MINUTES OF THE REGULAR MEETING OF
THE SAN FRANCISCO RESIDENTIAL RENT
STABILIZATION & ARBITRATION BOARD,

Tuesday, June 21, 2005 at 6:00 p.m. at
25 Van Ness Avenue, Suite 70, Lower Level

 

    I.     Call to Order

     Commissioner Becker called the meeting to order at 6:05 p.m.

    II .     Roll Call

    Commissioners Present:    Becker; Hurley; Mosbrucker; Mosser.

    Commissioners not Present:    Gruber; Henderson; Marshall; Murphy; Wasserman.

    Staff Present:    Gartzman; Wolf.

    Commissioner Justman appeared on the record at 6:25 p.m.

    III.     Approval of the Minutes

    MSC:    To approve the Minutes of June 7, 2005.

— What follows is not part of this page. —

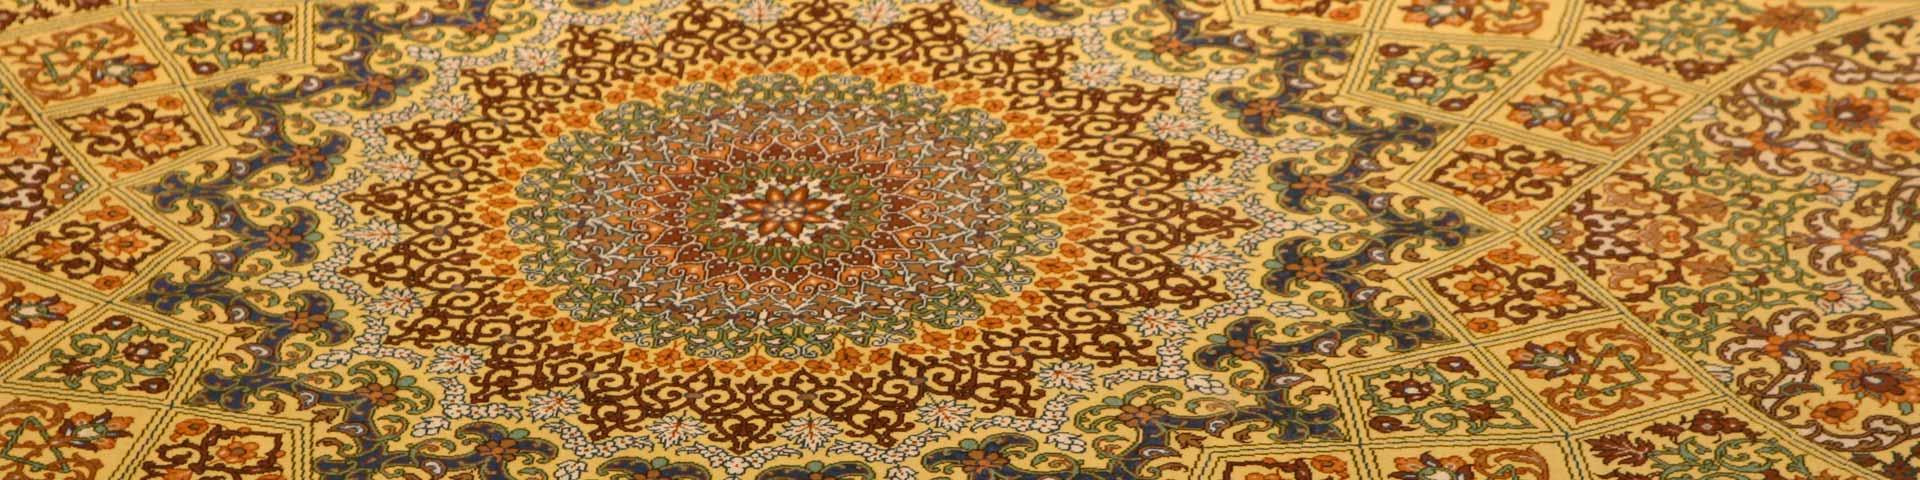 tappeti decorativi milano vendita Tappeti Segrate Milano ingrosso e dettaglio
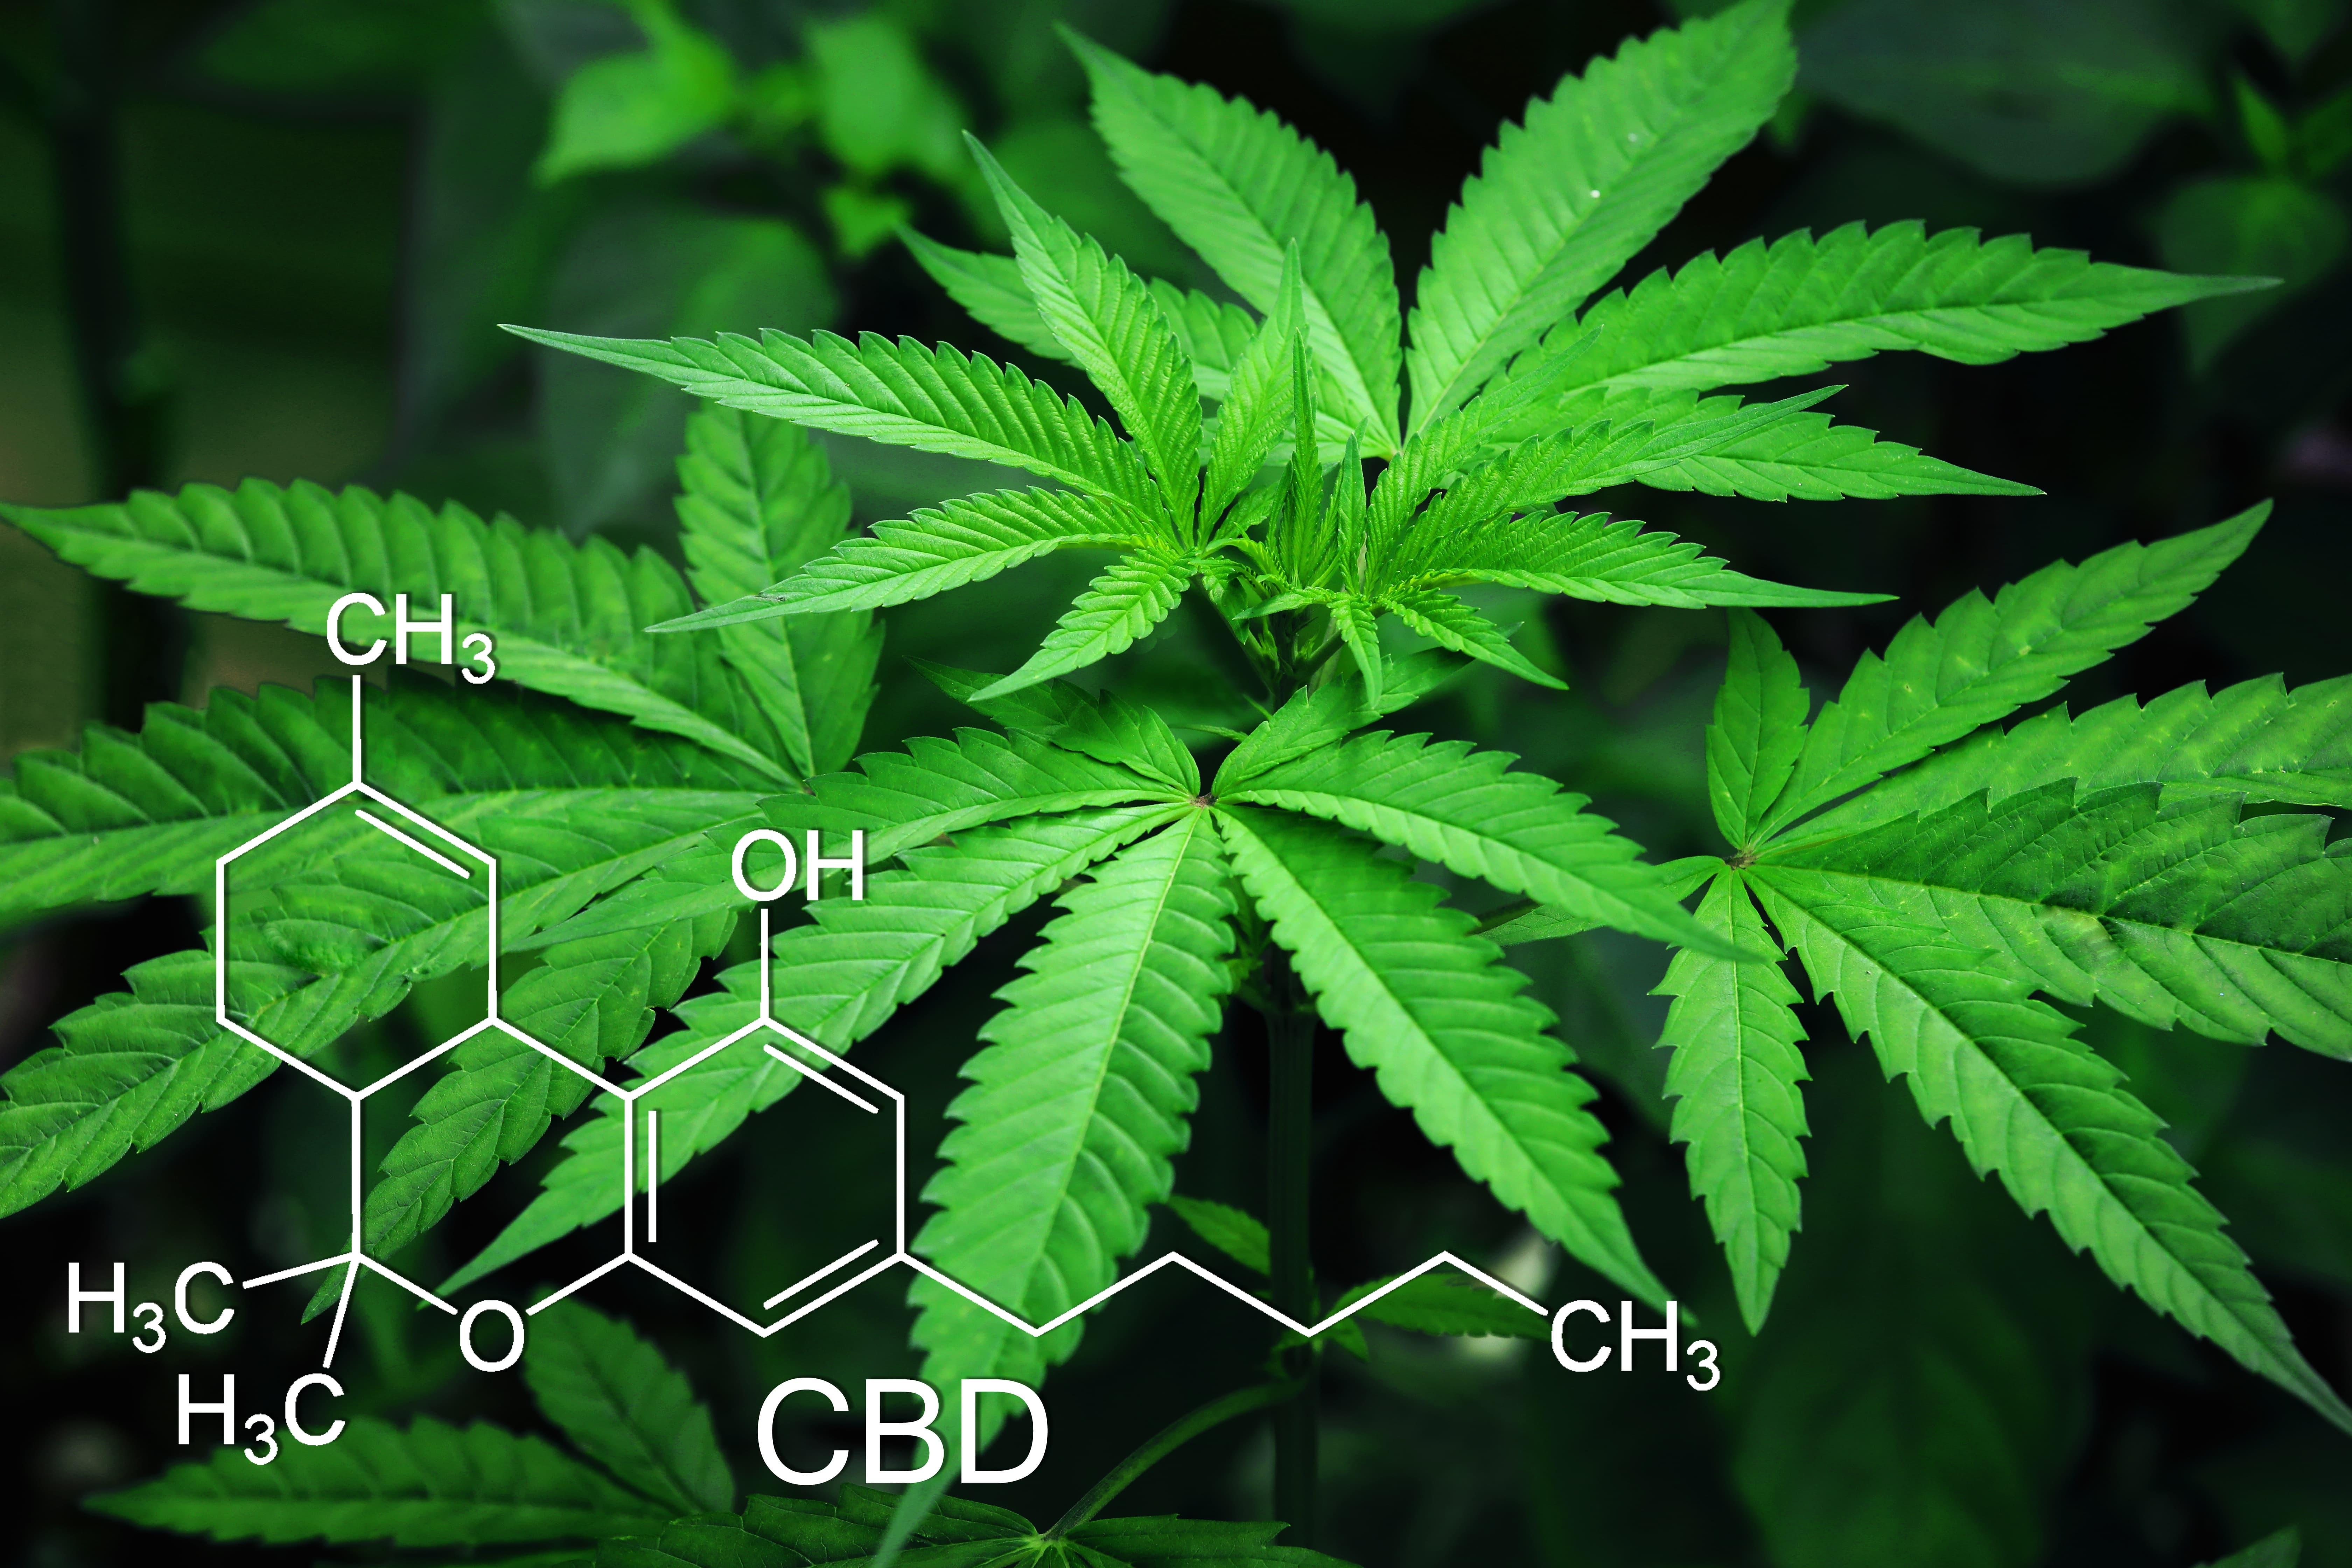 Pequeña introducción a las sustancias químicas del cannabis y beneficios terapéuticos

        Mosbrucker/Hurley:  (4-0)

 

    IV.     Remarks from the Public

    Tenant Wayne Cameron of the case at 1044 Pine #9 (AT050145) told the Commissioners that: the subject unit has been his home for 25 years; he is not wealthy and does not have another home; he operates a full-time tax practice out of the apartment; and, since the public schools in San Francisco are deficient, his son lives with his girlfriend in Pacifica and attends school there.

 

    V.     Consideration of Appeals

    A.  830 Sutter #12            AT050150

    The landlord filed two petitions for certification of capital improvement costs, which were granted.  One tenant appeals the decisions on the grounds of financial hardship.

    MSC: To accept the appeal and remand the case for a hearing on the tenant’s claim of financial hardship.  (Mosbrucker/Mosser:  4-0)

 

    B.    1550 Bay St. #D464            AT050147

    The tenant’s appeal was filed almost four months late because the tenant was inadvertently omitted from the joint appeal submitted by the tenants in 45 units.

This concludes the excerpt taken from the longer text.